TASK DETAILS>
Find the word "Louis" in the data, then copy each line where it is found.

+ + +

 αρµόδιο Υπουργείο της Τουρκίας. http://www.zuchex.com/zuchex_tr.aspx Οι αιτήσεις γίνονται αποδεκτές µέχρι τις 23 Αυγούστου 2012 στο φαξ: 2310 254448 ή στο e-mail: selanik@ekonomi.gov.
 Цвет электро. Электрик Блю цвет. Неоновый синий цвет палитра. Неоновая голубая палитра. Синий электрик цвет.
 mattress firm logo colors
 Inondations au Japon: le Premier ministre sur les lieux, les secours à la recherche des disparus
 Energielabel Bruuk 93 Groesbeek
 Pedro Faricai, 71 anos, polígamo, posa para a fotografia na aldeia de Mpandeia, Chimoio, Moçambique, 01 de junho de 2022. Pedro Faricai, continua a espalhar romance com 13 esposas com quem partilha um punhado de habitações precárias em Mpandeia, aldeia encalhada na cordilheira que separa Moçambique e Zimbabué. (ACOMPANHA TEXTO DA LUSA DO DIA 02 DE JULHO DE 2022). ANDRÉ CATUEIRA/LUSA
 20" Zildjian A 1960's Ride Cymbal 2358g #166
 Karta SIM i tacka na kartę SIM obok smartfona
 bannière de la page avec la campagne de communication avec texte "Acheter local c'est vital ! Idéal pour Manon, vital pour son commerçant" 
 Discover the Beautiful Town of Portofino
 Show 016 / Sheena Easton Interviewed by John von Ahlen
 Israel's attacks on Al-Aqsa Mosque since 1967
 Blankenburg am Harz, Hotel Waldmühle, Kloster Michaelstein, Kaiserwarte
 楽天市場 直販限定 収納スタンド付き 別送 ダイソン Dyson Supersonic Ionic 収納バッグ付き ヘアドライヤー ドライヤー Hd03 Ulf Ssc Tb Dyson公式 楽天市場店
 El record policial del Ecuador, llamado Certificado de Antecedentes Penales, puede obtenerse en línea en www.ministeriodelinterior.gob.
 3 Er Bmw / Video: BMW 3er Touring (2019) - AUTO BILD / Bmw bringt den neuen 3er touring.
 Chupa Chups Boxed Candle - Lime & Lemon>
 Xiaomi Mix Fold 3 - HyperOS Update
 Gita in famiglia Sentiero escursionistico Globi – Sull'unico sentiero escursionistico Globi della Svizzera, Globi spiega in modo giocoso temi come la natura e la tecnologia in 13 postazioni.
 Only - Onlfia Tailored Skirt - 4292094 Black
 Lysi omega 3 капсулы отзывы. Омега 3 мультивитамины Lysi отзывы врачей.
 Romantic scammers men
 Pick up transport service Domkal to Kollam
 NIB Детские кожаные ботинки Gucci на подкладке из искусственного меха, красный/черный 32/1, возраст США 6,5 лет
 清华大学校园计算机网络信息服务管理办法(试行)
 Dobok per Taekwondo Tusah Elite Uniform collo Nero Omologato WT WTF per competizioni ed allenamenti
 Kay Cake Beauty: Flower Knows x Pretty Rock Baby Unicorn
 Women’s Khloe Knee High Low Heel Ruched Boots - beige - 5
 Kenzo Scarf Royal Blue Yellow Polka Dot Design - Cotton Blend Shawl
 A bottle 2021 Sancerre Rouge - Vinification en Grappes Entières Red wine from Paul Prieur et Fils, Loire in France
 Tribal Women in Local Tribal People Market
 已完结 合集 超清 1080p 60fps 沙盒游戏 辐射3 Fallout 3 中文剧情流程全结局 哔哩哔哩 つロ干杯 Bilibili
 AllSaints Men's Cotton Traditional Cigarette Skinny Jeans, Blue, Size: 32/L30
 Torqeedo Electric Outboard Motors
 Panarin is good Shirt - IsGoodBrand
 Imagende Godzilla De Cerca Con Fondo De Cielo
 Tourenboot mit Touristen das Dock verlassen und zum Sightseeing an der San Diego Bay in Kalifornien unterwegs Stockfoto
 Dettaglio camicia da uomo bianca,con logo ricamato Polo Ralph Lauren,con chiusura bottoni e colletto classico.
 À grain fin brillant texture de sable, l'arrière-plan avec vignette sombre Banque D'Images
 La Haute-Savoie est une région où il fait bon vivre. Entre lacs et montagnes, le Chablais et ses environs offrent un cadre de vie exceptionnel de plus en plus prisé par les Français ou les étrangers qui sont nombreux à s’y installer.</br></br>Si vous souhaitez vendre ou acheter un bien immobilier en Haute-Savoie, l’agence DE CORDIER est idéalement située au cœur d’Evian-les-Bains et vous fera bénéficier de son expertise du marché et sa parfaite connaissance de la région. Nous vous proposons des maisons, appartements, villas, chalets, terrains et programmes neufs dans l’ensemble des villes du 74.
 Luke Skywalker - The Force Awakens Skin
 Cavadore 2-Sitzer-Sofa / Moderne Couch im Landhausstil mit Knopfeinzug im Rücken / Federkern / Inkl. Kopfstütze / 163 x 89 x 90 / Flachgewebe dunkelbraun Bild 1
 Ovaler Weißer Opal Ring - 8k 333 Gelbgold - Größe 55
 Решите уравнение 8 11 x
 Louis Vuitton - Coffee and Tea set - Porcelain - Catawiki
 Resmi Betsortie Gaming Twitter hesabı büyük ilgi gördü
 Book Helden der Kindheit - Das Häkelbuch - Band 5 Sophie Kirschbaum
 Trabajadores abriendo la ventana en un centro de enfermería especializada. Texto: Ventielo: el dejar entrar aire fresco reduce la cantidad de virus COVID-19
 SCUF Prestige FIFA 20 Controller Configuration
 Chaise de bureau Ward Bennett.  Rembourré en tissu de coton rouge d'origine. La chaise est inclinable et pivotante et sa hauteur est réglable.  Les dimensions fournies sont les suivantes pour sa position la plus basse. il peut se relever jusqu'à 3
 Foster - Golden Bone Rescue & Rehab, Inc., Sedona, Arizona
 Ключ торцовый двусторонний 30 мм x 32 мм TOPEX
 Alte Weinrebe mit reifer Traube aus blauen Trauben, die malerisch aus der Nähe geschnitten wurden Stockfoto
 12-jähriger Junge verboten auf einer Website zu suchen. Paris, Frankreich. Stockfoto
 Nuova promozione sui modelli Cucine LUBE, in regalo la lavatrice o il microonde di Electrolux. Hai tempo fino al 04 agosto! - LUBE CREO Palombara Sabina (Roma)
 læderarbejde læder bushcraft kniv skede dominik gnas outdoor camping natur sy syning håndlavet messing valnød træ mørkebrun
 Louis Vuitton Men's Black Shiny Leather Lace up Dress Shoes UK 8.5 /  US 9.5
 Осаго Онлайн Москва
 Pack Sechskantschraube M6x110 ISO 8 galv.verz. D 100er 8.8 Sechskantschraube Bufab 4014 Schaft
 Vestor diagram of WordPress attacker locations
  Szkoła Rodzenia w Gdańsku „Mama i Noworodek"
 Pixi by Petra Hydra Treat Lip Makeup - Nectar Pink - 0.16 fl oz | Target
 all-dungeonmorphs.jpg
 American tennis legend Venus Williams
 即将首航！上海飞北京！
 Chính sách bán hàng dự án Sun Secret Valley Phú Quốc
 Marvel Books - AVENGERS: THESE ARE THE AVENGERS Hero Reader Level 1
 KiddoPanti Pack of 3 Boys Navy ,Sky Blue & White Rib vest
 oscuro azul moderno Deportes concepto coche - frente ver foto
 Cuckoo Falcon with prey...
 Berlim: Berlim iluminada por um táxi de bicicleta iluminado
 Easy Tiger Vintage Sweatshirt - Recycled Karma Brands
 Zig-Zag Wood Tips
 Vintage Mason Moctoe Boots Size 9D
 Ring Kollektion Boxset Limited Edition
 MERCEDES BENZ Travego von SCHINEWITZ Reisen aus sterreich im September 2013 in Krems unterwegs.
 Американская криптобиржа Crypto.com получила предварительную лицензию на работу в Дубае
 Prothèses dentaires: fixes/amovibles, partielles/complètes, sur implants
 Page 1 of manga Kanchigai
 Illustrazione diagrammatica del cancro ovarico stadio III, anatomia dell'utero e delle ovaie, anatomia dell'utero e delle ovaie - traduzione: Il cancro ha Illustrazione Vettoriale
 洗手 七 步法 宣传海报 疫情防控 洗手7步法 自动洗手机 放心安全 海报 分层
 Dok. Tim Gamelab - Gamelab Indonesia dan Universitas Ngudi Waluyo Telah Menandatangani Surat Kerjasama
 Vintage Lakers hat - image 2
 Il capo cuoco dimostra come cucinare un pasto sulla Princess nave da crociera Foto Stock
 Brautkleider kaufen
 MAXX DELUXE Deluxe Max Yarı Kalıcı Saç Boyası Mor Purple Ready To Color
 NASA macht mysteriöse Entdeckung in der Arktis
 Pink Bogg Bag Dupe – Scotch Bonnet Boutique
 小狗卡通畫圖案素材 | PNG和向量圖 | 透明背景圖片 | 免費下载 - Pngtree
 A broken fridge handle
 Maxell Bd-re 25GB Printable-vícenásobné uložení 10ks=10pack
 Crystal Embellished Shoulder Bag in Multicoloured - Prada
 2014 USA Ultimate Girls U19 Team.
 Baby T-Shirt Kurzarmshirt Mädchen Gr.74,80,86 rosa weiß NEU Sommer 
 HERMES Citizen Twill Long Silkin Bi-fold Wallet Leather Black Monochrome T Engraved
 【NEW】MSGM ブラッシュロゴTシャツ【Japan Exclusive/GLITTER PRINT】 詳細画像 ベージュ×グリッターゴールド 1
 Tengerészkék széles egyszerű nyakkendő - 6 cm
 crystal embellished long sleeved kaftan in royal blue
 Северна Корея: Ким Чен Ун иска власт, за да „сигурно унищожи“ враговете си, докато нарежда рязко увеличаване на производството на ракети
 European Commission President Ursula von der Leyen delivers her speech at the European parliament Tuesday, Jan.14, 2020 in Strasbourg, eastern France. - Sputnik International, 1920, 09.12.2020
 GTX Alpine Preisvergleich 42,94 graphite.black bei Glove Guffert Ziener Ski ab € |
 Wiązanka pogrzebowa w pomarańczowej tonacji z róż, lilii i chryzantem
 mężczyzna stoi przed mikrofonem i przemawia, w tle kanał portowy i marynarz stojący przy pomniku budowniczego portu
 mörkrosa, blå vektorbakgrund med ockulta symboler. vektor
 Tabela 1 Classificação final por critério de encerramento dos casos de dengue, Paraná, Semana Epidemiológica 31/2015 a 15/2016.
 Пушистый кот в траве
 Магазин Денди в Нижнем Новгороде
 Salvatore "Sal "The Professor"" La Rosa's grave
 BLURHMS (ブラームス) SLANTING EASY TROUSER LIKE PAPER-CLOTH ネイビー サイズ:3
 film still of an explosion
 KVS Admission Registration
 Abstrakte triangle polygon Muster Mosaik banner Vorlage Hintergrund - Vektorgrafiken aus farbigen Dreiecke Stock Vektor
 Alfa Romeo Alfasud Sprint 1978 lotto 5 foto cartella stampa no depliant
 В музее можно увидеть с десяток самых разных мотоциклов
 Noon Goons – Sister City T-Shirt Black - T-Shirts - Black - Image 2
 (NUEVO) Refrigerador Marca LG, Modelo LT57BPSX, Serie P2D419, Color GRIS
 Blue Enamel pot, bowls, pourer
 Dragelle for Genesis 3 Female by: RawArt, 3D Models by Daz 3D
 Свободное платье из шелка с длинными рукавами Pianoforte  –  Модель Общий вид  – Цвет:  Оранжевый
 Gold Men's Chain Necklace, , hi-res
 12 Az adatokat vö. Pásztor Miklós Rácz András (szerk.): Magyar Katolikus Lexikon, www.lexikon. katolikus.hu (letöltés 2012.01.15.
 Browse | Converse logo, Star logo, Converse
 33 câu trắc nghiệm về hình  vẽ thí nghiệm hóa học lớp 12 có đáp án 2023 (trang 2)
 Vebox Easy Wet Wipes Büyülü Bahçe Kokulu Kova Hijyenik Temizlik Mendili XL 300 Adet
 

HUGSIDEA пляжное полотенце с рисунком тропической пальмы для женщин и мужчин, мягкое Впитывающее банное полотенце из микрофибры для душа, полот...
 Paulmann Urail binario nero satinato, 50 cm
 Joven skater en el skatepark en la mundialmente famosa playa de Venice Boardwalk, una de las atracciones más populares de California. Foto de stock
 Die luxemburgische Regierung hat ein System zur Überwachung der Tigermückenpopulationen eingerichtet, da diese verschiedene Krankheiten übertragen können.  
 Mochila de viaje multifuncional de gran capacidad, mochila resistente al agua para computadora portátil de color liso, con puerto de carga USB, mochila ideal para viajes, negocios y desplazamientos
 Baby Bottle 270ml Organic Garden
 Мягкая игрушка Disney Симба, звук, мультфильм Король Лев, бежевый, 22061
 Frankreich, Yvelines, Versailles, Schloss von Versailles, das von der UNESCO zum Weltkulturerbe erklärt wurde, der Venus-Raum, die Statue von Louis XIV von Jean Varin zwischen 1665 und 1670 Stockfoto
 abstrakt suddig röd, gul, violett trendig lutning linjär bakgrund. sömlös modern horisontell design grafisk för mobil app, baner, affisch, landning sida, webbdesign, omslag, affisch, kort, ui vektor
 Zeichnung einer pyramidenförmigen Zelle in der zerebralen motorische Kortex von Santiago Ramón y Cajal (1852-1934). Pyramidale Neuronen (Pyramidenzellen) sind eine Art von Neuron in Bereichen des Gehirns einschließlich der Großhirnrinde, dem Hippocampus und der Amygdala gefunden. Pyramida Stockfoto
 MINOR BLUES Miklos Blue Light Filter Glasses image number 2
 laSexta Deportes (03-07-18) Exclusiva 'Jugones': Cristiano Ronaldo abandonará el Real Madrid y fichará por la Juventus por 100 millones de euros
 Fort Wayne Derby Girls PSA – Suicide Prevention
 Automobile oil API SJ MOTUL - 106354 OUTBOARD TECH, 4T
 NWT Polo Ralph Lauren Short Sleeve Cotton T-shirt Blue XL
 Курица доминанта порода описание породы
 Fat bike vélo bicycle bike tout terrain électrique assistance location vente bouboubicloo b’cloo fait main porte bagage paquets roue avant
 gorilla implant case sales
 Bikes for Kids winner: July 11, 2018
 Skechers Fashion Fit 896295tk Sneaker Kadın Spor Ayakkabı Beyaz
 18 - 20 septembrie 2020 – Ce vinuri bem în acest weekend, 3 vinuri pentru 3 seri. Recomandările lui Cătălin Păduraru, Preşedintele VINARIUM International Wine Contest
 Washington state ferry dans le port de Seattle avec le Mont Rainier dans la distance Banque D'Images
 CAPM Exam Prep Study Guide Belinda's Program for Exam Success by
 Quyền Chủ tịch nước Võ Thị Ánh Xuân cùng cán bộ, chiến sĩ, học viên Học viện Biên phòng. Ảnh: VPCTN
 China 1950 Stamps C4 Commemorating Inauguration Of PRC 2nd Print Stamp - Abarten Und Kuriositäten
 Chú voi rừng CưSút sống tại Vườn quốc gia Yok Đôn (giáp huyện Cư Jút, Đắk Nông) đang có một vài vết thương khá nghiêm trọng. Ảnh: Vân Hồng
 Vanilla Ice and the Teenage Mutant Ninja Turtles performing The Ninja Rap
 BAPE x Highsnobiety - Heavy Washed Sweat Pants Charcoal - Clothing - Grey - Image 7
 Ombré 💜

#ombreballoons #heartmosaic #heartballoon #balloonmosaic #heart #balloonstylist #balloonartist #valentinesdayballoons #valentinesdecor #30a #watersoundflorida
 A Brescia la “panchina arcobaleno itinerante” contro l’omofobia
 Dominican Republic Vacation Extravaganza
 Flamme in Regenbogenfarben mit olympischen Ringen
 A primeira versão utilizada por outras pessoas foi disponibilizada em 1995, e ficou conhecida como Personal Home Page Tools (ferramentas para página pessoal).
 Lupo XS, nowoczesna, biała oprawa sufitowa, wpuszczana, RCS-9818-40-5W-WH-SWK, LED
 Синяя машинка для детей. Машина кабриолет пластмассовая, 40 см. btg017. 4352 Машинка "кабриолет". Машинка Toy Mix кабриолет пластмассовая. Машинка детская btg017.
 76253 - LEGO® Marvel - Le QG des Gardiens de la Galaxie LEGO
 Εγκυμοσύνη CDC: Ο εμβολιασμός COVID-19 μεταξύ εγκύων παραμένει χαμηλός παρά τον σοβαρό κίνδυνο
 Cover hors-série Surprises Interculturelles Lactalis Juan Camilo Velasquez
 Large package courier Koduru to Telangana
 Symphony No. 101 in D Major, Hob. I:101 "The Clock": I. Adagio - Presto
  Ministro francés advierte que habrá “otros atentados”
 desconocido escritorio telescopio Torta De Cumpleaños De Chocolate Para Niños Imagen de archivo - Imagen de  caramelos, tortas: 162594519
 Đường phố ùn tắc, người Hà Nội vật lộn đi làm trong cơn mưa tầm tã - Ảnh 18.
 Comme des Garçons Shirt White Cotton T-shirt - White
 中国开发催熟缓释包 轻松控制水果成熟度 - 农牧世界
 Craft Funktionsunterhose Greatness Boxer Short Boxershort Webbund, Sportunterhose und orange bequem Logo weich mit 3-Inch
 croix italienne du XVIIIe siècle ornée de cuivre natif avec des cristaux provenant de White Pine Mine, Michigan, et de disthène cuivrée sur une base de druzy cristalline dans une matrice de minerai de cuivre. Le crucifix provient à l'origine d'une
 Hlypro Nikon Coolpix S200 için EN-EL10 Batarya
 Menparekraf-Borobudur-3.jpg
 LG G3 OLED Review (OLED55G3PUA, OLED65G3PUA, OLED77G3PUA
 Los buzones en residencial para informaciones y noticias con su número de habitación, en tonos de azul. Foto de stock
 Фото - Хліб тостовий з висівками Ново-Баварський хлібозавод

+ + +

SOLUTION>
 Louis Vuitton - Coffee and Tea set - Porcelain - Catawiki
 Louis Vuitton Men's Black Shiny Leather Lace up Dress Shoes UK 8.5 /  US 9.5
 Frankreich, Yvelines, Versailles, Schloss von Versailles, das von der UNESCO zum Weltkulturerbe erklärt wurde, der Venus-Raum, die Statue von Louis XIV von Jean Varin zwischen 1665 und 1670 Stockfoto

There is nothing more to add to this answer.